=== EXERCISE ===
Please give the lines below again exactly as they stand, from the one that contains "Unione Calcio, Daniele" up to and including the one that contains "崔涛原创设计专家-1.jpg", leaving all pictures out.

=== MATERIAL SUPPLIED ===
▬▬▬▬▬▬

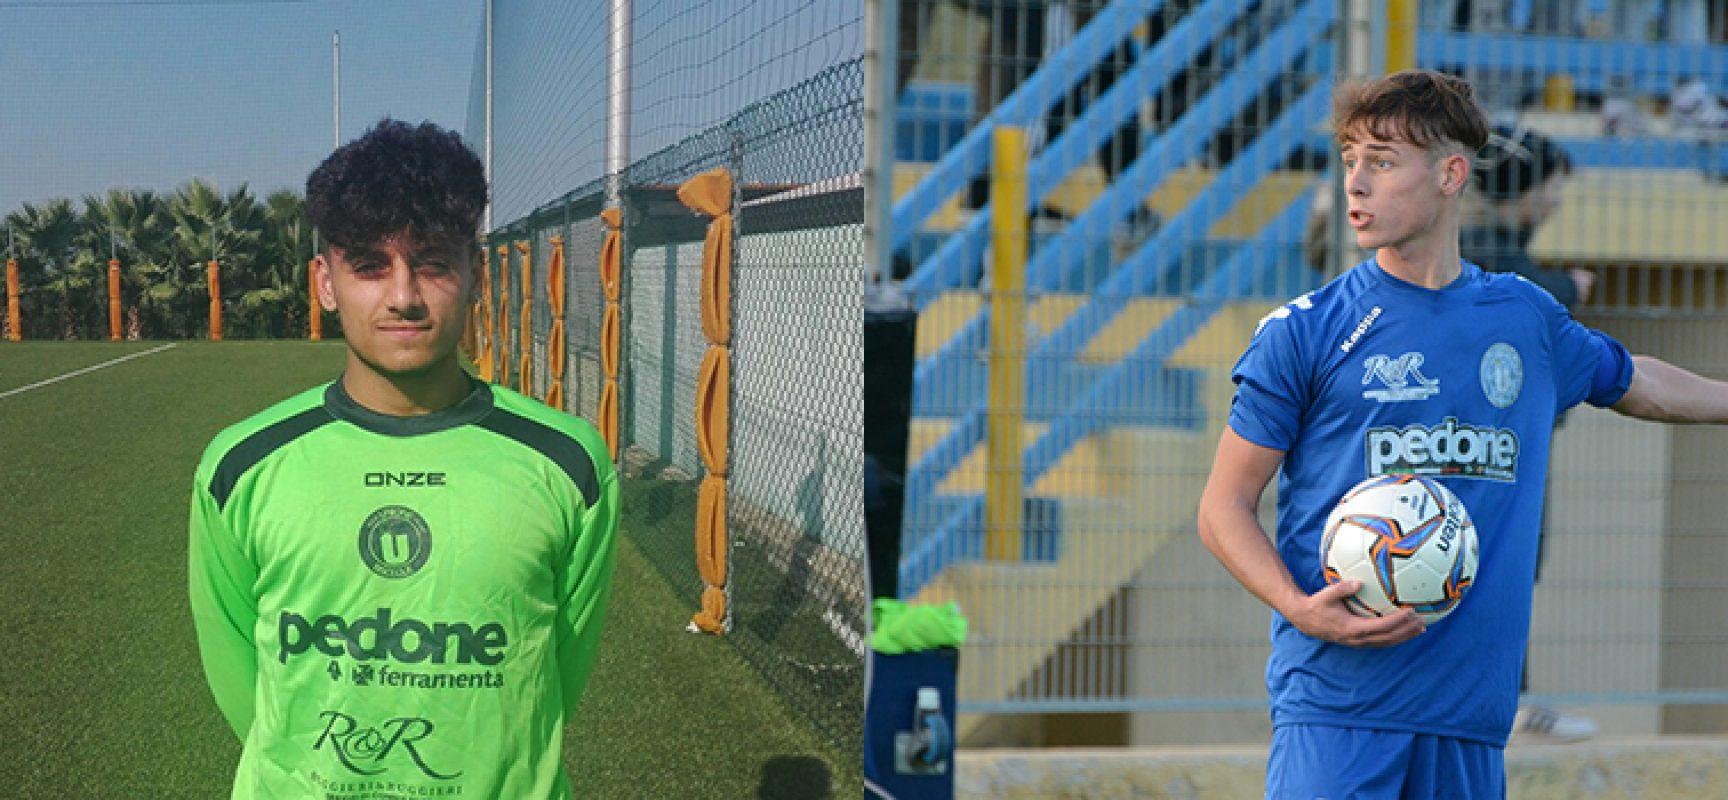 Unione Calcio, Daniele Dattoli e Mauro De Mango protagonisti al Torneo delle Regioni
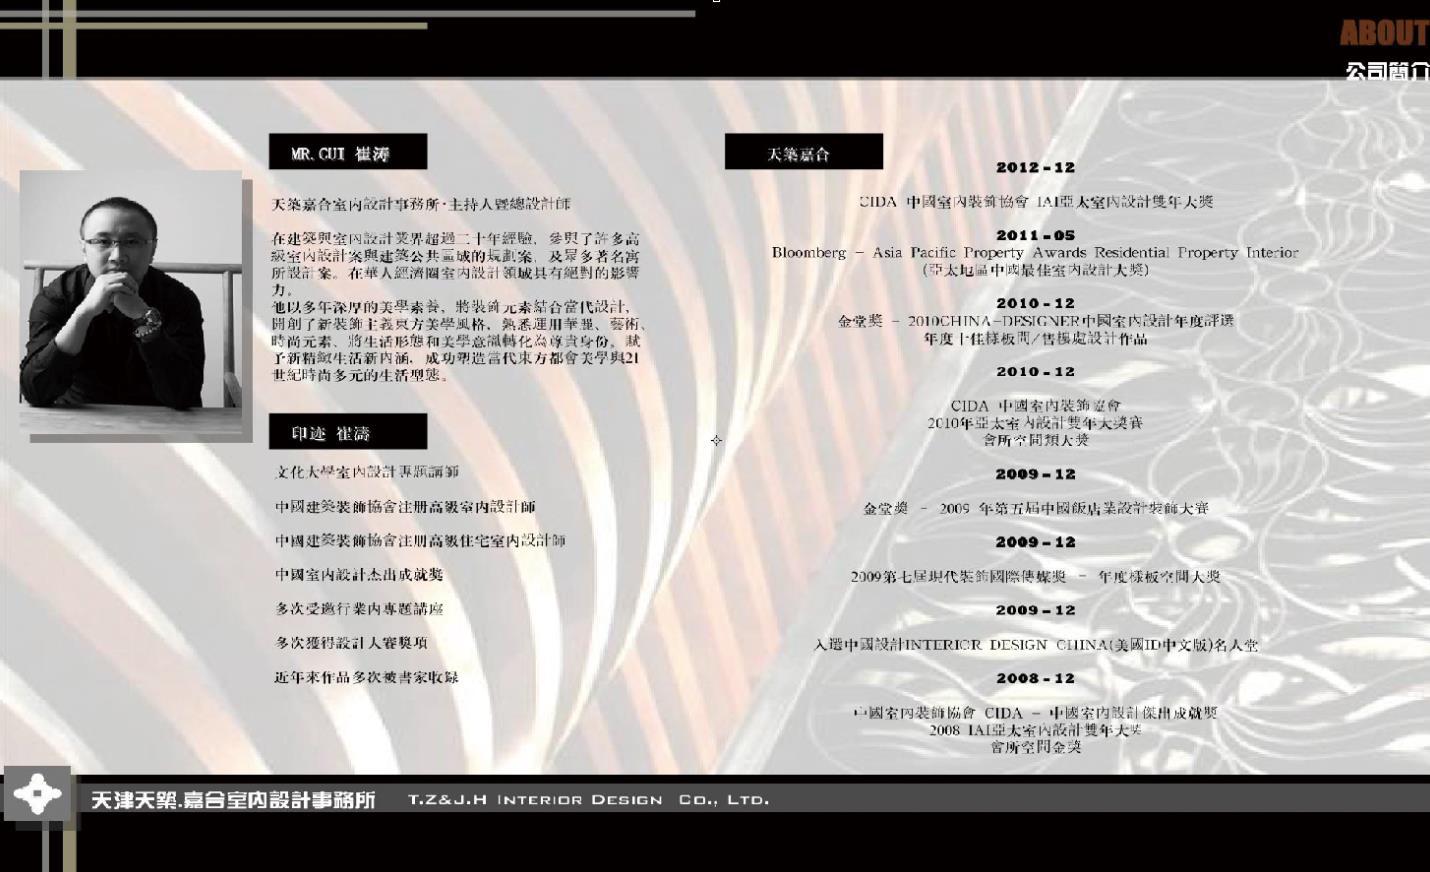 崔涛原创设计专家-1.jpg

▬▬▬▬▬▬

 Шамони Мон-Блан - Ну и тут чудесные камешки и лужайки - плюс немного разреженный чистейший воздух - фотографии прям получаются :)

▬▬▬▬▬▬

=== OUTPUT FOR THIS EXERCISE ===
 Unione Calcio, Daniele Dattoli e Mauro De Mango protagonisti al Torneo delle Regioni
 崔涛原创设计专家-1.jpg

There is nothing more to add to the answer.